屋子裏沒有窗戶, 也沒有門,看起來是一個人為制造的完全密閉的空間。

這間屋子的墻壁甚至不是磚頭,而是金屬, 這意味著打破墻壁逃出去的可能性大幅度降低。

但是這些都不是值得談越驚訝的地方, 令人覺得驚悚的是, 這個屋子裏掛著很多他的照片。

四面墻壁全部都是他的照片, 有他在電視臺工作的,有拍攝他在主持節目的,還有他在食堂吃飯, 在家裏睡覺……中間那一張是他領取了優秀今年主持人獎杯的大照片。

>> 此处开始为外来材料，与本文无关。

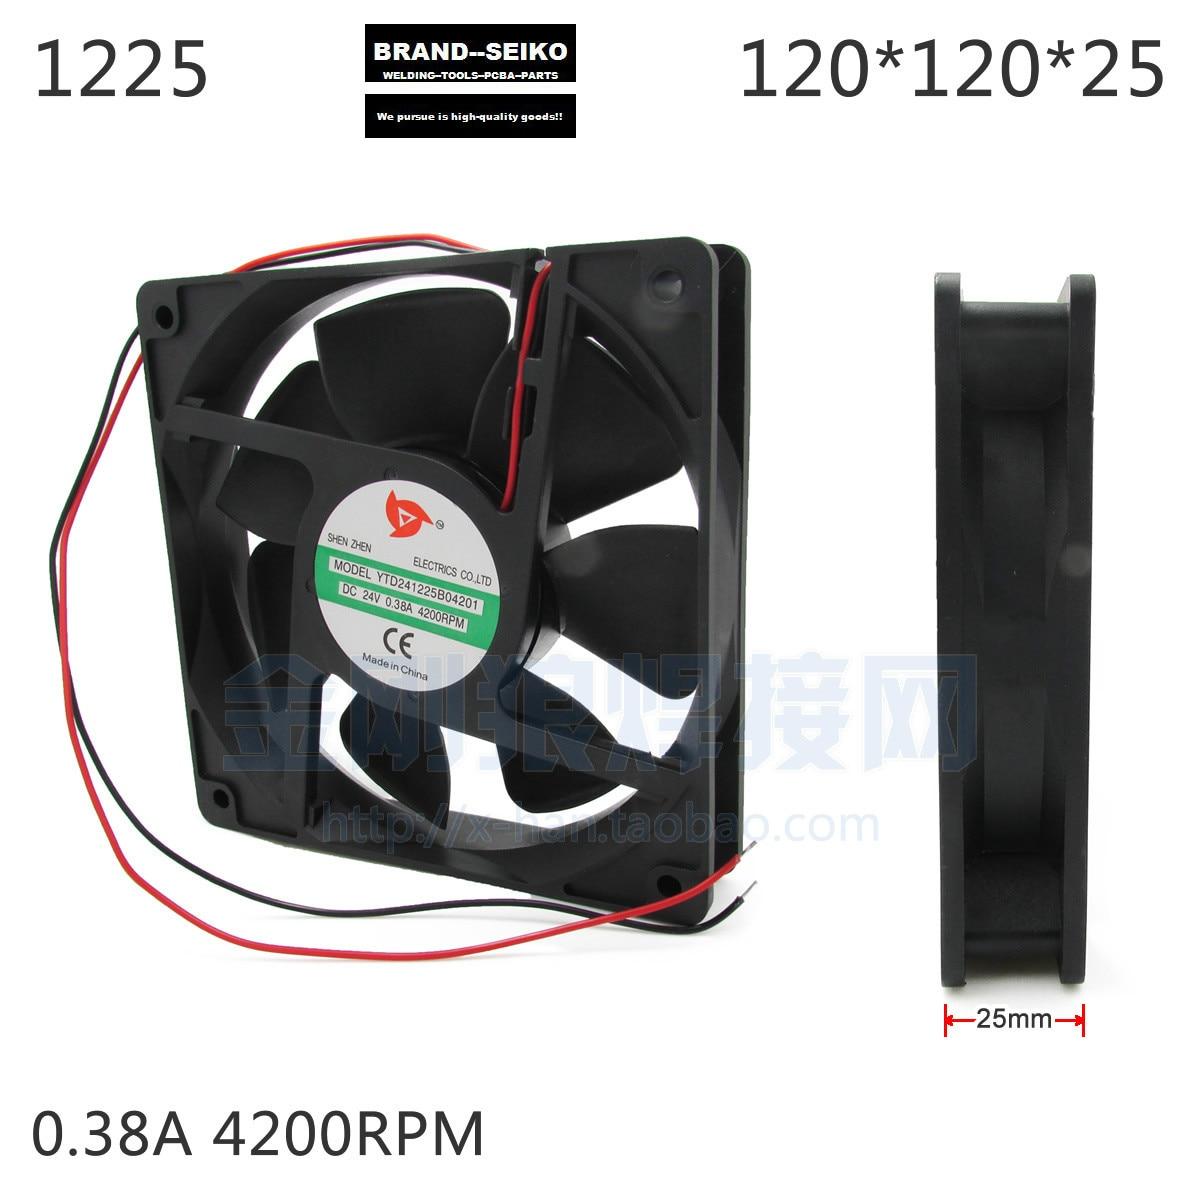 Inverter Welding Machine Thin Section High Speed Cooling Fan 1225 0.38a Dc24 4200 royal fan ut626dg tp 16cm220v 5w inverter cooling fan

各種各樣的生活場景,而且很多都相當私密。就像是有一個高清像頭, 全程跟著他偷拍。

從自己高中畢業進入大學到工作到現在的這6年期間, 詳細的照片拍攝了, 足足有一整面墻,大大小小將近有幾千張。

除了成年後之外的照片,他小時候的照片也有很多,從剛出生, 上小學,初中甚至是高中。

但是這些照片就和成年之後的不太一樣,那些過往的照片, 明顯是出自其他人,而且還是出自很多人。

有一些照片談越覺得很熟悉,因為他們家裏的相冊上面就有,有一些看起來是路人無意間拍下來的記錄。

密密麻麻或大或小的照片拼湊出了他18歲生日前的多年的人生,談越認真數了,發現一下平均每天都有一張照片,那18年就是6570張照片, 一張不多,一張不少。

兩面墻上都是生活化的照片,還有一面墻則是相對私密的照片,雖然沒有裸/露什麽會被和諧的部位,但是衣服也堪稱清涼,有很多私下裏的浴袍照片,還有泳裝褲的照片。

在海邊、溫泉池、浴室,如果照片的主人不是自己的話,談越看了都會覺得荷爾蒙十足,性感且澀氣十足。

最後一面墻則是展覽博物館,一個洞洞板上,貼著很多談越用過的東西,比如說他曾經寫過的同學錄、得過100分的試卷,掛著陪伴過他一起長大,但是又被丟棄的娃娃。

臟了的娃娃被洗得幹幹凈凈,破損的地方也被縫補好,但是還是能看得出來使用過的痕跡。

不得不說,這些東西加起來實在是太震撼了,以至於談越一時間失語,不知道該做出什麽樣的反應。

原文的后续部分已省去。